1 Sep 2011, 15:57
A couple of days ago I tried to coax some pigeons into feeding from my hand. They had descended en masse to eat some bread, and when they had devoured it they just walked around the garden aimlessly. I threw bits out to them so that they'd learn me throwing things is safe for them and provides tasty food. Eventually I threw the pieces closer and closer to me. They kept flying off at the slightest noise or sharp movement, though, to land on my roof. I'd look up and I'd see six or seven pigeons peering over the edge of the roof at me. One even dropped a bit of bread just by me.
At some point a ringed dove joined them. That one was quite tame, and I managed to get it to come very close to me. I also stretched my hand out holding a load of bread to try to get it to take some, but none of the pigeons, even the quite tame dove, would do so. In the London parks they routinely come and sit on your hand to feed, but there they're more used to it.
What I liked most about the garden pigeons is that they walked around moving their heads in a very quizzical manner, as if to say, whatchoo doing? The dove especially would walk in a kind of semicircle, checking me out, then come back and get a little bit of bread from by my hand, and walk off in the semicircle again. Eventually they stopped flying back down from the roof, probably because I'd given them so much bread that they were happy and full.
1 Sep 2011, 15:15
A while ago I came up with the idea that lightweight markup languages should use emphasis as the basis of their link syntax:
“When converted to hypertext and rendered in a browser, links are typically underlined and coloured, with the default colour being blue. Since this is a kind of emphasis, why don't these languages use their default emphasis as the core of their link syntax?”

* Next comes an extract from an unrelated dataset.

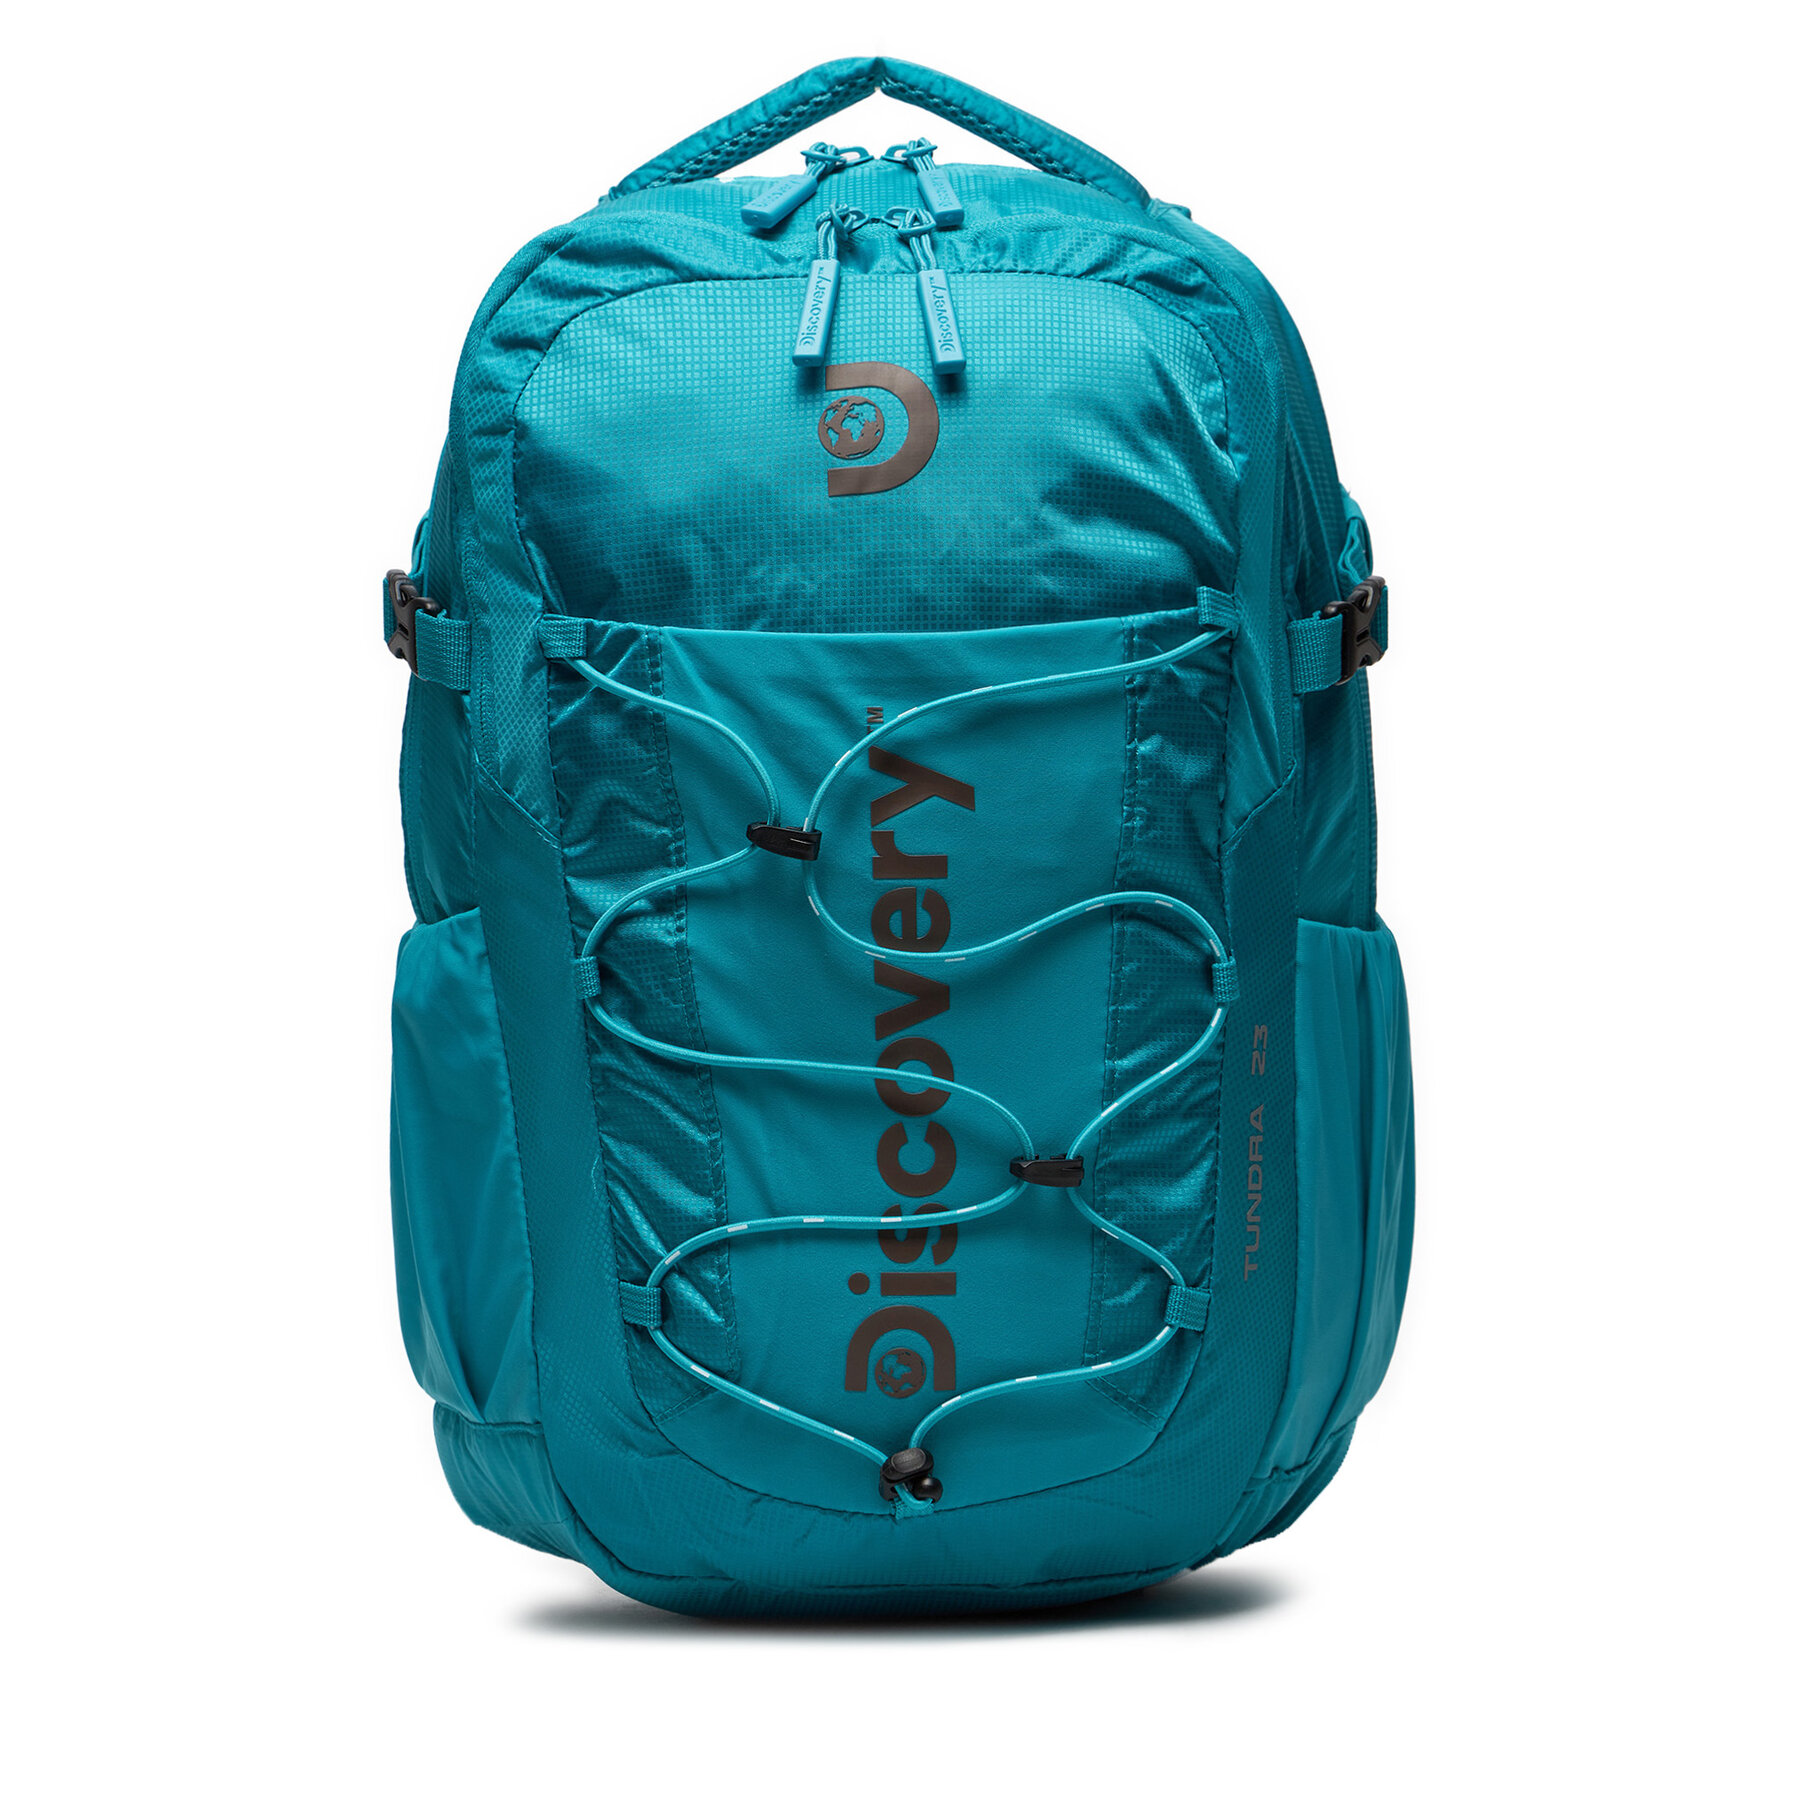 Rucksack Discovery Tundra23 Backpack D00612.39 Türkisfarben von Discovery
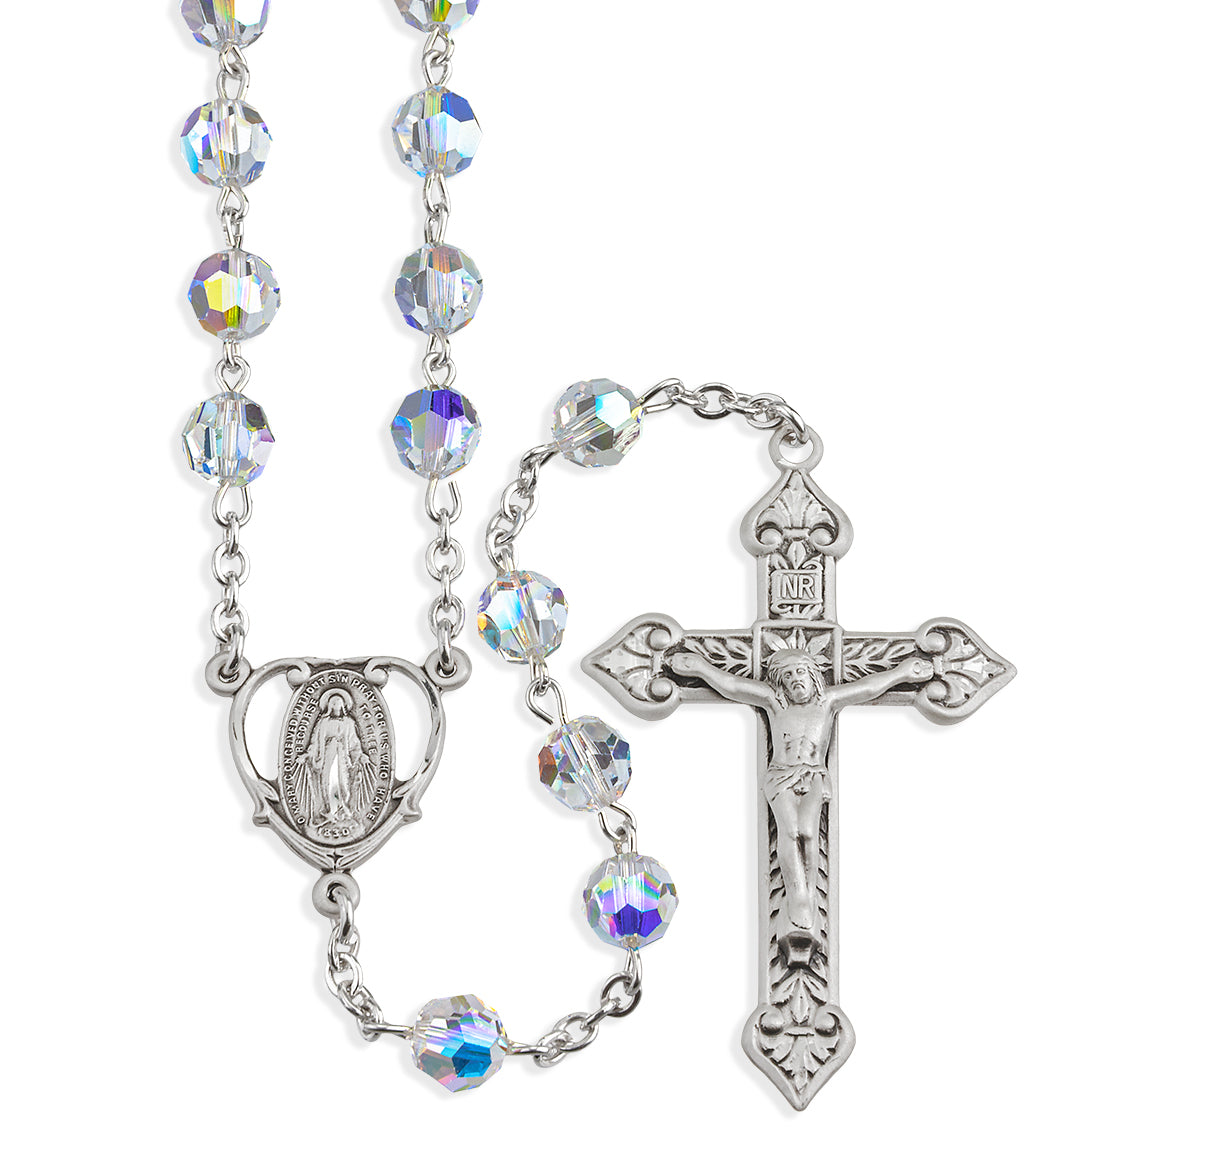 Sterling Silver Rosary Hand Made with Swarovski Crystal 7mm Aurora Borealis Faceted Beads by HMH

The script I use for that is on gist, with the catchy name *Emphasis style hypertext, lightweight format script*. https://gist.github.com/1186399
31 Aug 2011, 17:02
The imaginary numbers weren't found solely because of the root operator, and there's nothing particularly interesting about the root operator. It's a consequence of negative numbers and multiplication. Specifically, -1 * -1 performs a 180° transformation, but nobody thought of it that way. This shows that people didn't fully understand what they were doing with negative numbers, even though they had these subset conventions of the big picture. Presumably the people who came up with the convention that -1 * -1 = 1 had a subset of the kind of insight that was required to come up with the *Argand plane*. en.wikipedia.org/wiki/Complex_plane
It's a lot easier to think about this in terms of polar coordinates than with cartesian coordinates. This is because polar coordinates are better for multiplication, and cartesian coordinates better for addition. So my question about why I can't imagine a -25 amount of things being ordered with 5i or -5i sides is obvious. When you think about the polar representation of 5i and -5i, their length component is just 5 units. That gives you the sides, but then you have to create the negative sign, and you do that with the i transformation, which is the rotation from the origin on the positive real azimuth. So you can imagine √-25 because you just imagine the length component in terms of the geometry, and then the quarter rotation being the thing that gives the half rotation in the result of 5i².